Home is an Anti-virus

by H. E. Casson
(CW: Homelessness, poverty, illness, neglect)

I am writing this in my home. I am writing it indoors, with heat and clean water, wearing washed clothes, my skin not itching, my partner’s voice rising and falling in the next room. I am safely housed.

This is true now, but for some of my life, it wasn’t. I’ve lived in an unsafe home, a group home, a shelter. I’ve crashed on couches. I’ve slept rough, slept in my school, slept in spaces not meant for humans. I was me, the same me I am now, but alone and hungry, frantic and deadened all at once. I knew I was disposable.

Over 20 years ago, I met a person who was precious and amazing. He was disposable too. I knew him for weeks, not months or years, but I think about him all the time. He was clever and challenging, generous and creative. He caught TB in a shelter. Because of the nature of crisis-friendships, I don’t know how he is now, or if he is now, but I knew him long enough to see him fall apart. I knew him long enough to learn that illness will always come for humans in shelters, in care facilities, in prisons, in mental health wards. As long as it stays in those boxes, we don’t hear much about it.

And what can I do? I tell stories from my own limited perspective, from this warm place that coats the memories in gauze, making them less sharp. I am here in my home, safe, at least six feet from the world.

What is home, in a time like this? Home is an anti-virus. It keeps us safe. Home is personal protective equipment, covering our most vulnerable parts. Home is an avatar of community care. Home is, and should be, a right.

The Pandemic Chapbooks to Support Charitable Giving initiative by 845 Press and Collusion Books includes a poem I wrote called For Chandrahas, Who is Likely Dead. It is about my friend, about illness, and about home. If you donate to a charity — any charity — you can get a copy of the chapbook for free.

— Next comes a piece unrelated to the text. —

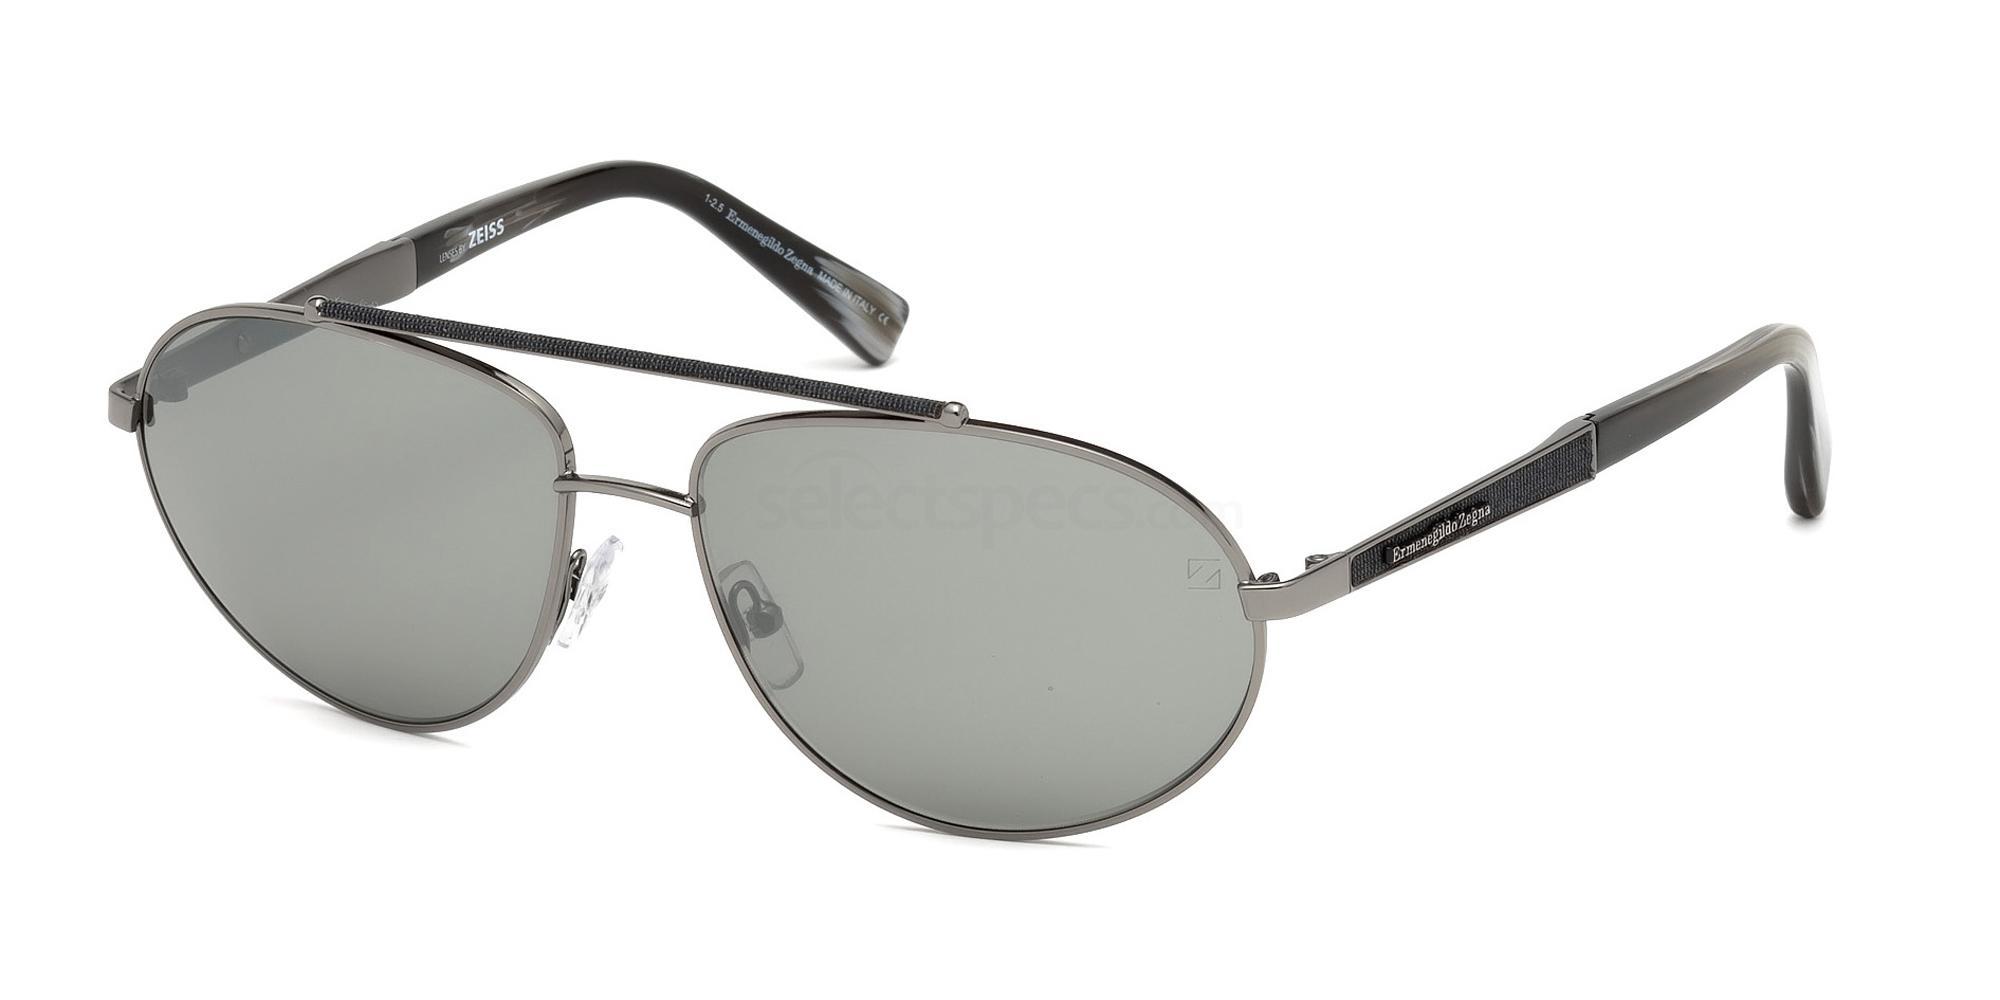 12C EZ0037 Sunglasses, Ermenegildo Zegna

There’s a charity in Toronto called Sanctuary that is taking care of people, members of our community, at great risk and in the most challenging time possible. They are doing this in the face of immeasurable hardship and loss. I hope you will consider donating to them, and to the folks they serve.

I wish there was a way to pull all this together, to end it in a way that is satisfying, but much like the situation, there’s no easy conclusion. There is no bow to tie, just a hundred, hundred loose threads that require a communal will and concerted effort to begin to gather.

In all this, I wish us safety. I wish us a thing called home.